As I scrambled from website to website this morning for the latest news while my retirement melted away, the place that consistently had the most complete, convenient and up-to-date information was the Drudge Report.

For all the millions of dollars and thousands of people employed at the mainstream newspapers, broadcast networks and cable channels, Drudge had assembled the perfect mix of salient links and real-time information …

Scott Karp had some thoughts a few weeks ago about what makes Drudge successful that dovetail with Mutter’s comments

If you don’t think your business is being useful to your users/readers/viewers (some more crass businesses would call them customers), then I would suggest your journalism is failing.

5 Replies to “The media forgets it is in the being useful business”

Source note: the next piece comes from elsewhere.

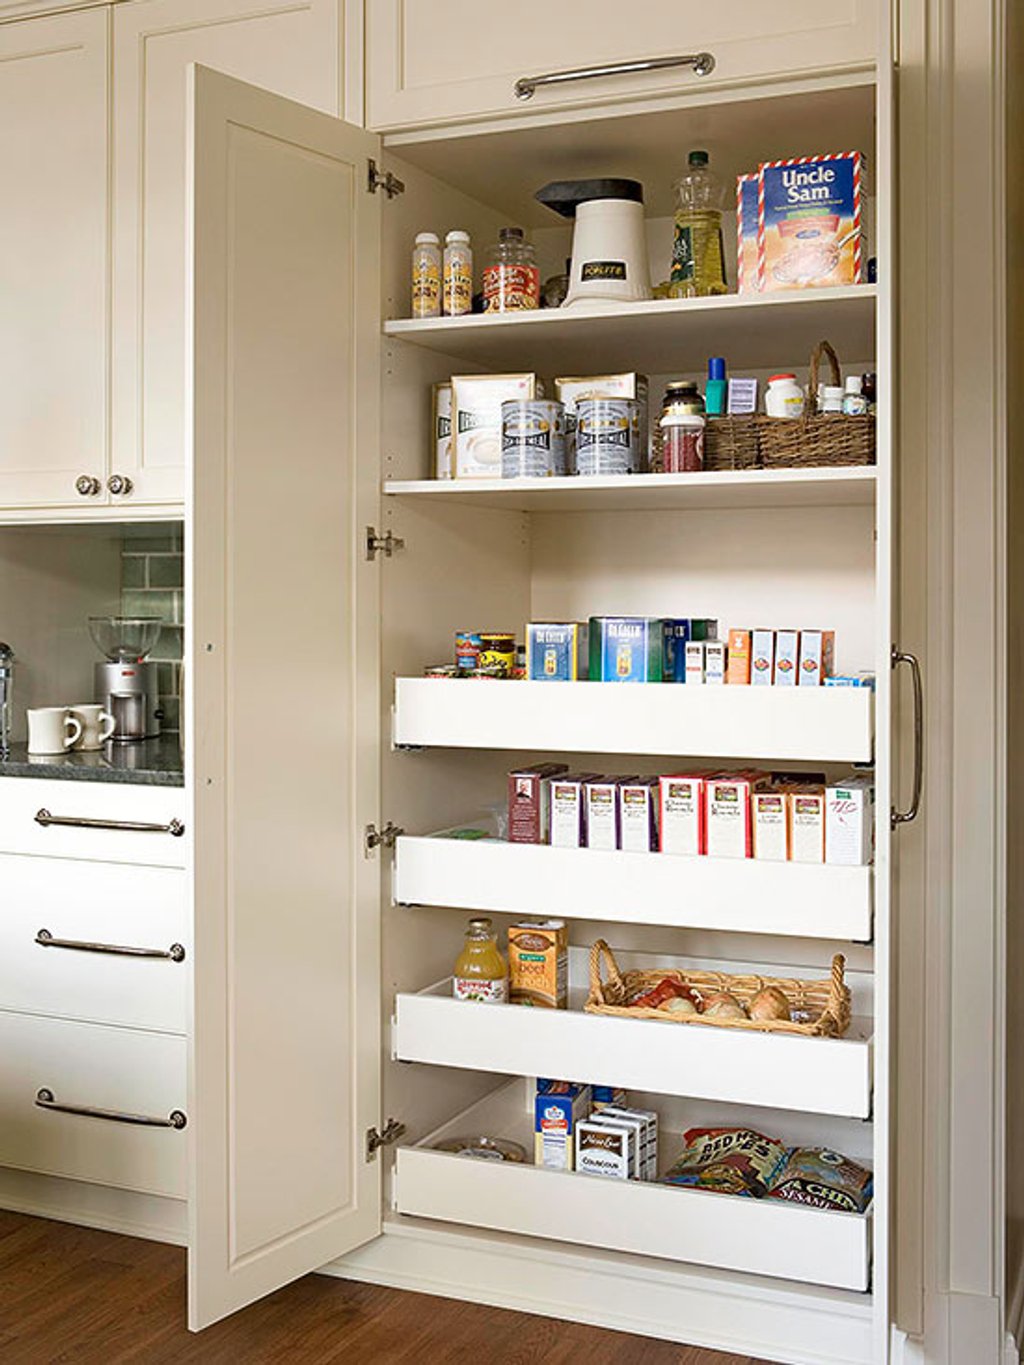 Ngày càng nhiều gia đình trang bị không gian lưu trữ đồ khô riêng cho một căn bếp ngăn nắp, khoa học. Bạn có thể lắp tủ đồ khô hoặc xây một căn phòng riêng, tuỳ nhu cầu và diện tích nhà ở.
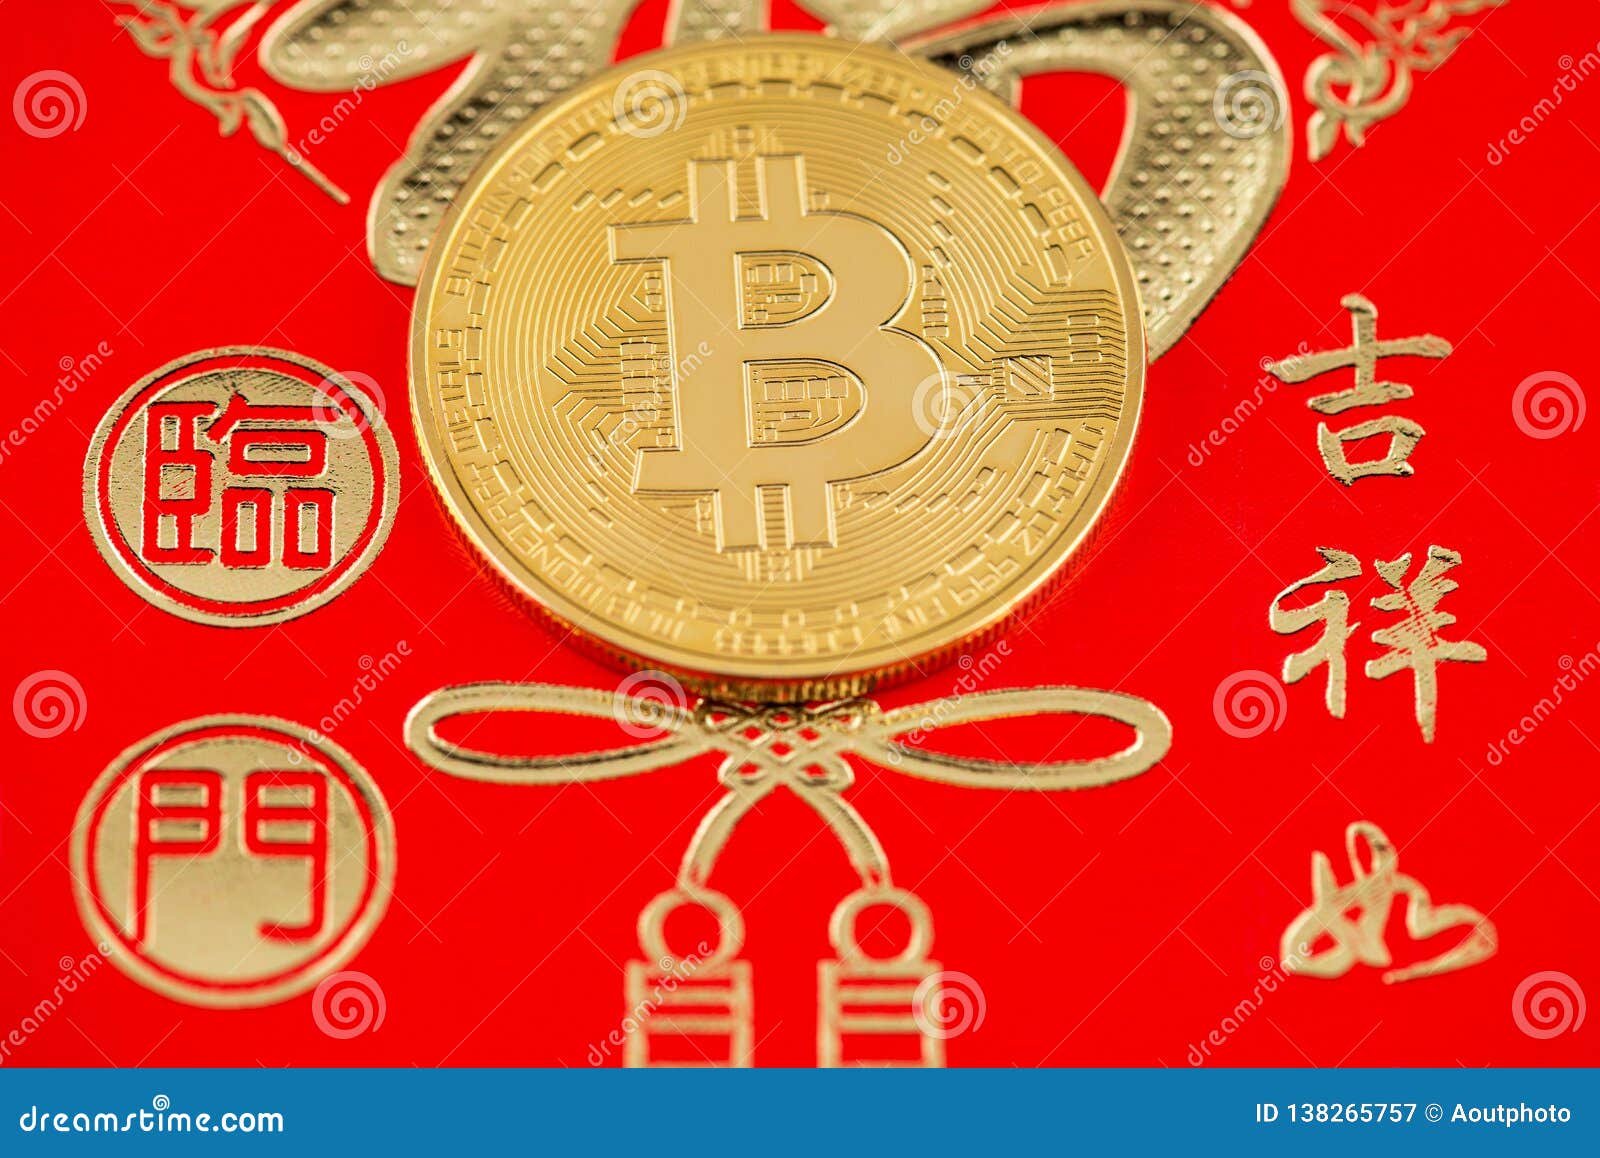 Chinese New Year 2022 Bitcoin

  1. Legacy media still bases its business on a legacy definition of the word “journalism” (via dictionary.com) … “the occupation of reporting, writing, editing, photographing, or broadcasting news or of conducting any news organization as a business.” That entry is based on the Random House Unabridged Dictionary.
    New media is committing a flavor of journalism defined by citizens (via Wikipedia) … “the profession of writing or communicating, formally employed by publications and broadcasters, for the benefit of a particular community of people.”
    Media entities are in the “news” business based on the first definition. Those entities would be wise to read and deliver the journalism that the public has defined: “for the benefit of a particular community of people.”

  2. Thank you! This really gets to the heart of so much that’s wrong in the industry.
    I might add that so many online sources appear to be more genuine in their desire to be helpful. Newspapers stuck on the old journalism also tend to be stuck on the old PR. They’ve lost the trust of their readers with good reason. Gaining it back will really take a new model that recognizes that wanting to be helpful can’t be faked. Like marriage, you’ve got to do all the little things that show you care. If every move is calculated to maximize profit, you’re just like a husband who does the dishes only when he’s expecting something in return. It creates resentment.

  3. Remember, in legacy media (disclaimer – I work in IS/IT for a legacy media company) the CUSTOMER is the advertiser – the people who watch/read are viewers/readers, at least to most folks around here. To quote someone about 9-10 years ago “we are in the business of selling eyeballs to advertisers”
    Kinda sums it up, eh? The more people of the “right” demographic looking at your content, the more you can sell your ad space/time for.
    Lets face it, your Upper East/West side reader/viewer who has (well, HAD) a lot more disposable income, and therefor was worth a LOT more to many advertisers than say the average suburban “soccer Mom/Dad” – which is why the Times has advertisers like the fashion industry, and your local suburban paper has the local grocery store

  4. I’ve heard that sentiment. And even in the organizations where you often hear this, I have noted that the “customer service department” is not the area that deals with advertisers. You’ve also got to make the people behind the eyeballs your customer, too. A lost audience is not easily regained. If advertisers are a content organization’s only customers, I suspect its long-term prospects are limited.

  5. While respecting all the thought and study of so many, I have to disagree with the simple logic of “eyes to advertisers” as our bottom line. The problem is that it is inherently manipulative. We draw readers with the premise that we want to help them. If we’re not serious about that, if we don’t keep that promise, then it’s going to show. Business success must backed by integrity of principles. What is so refreshing about blogs is the absence of the underlying conflict of priorities that is so plain in the news business.
    Of course that doesn’t mean that we can’t be serious about making money. But real, solid, lasting readership (in the absence of a media monopoly) is built on a focus on the reader’s needs first, then profiting from his readership as a secondary concern.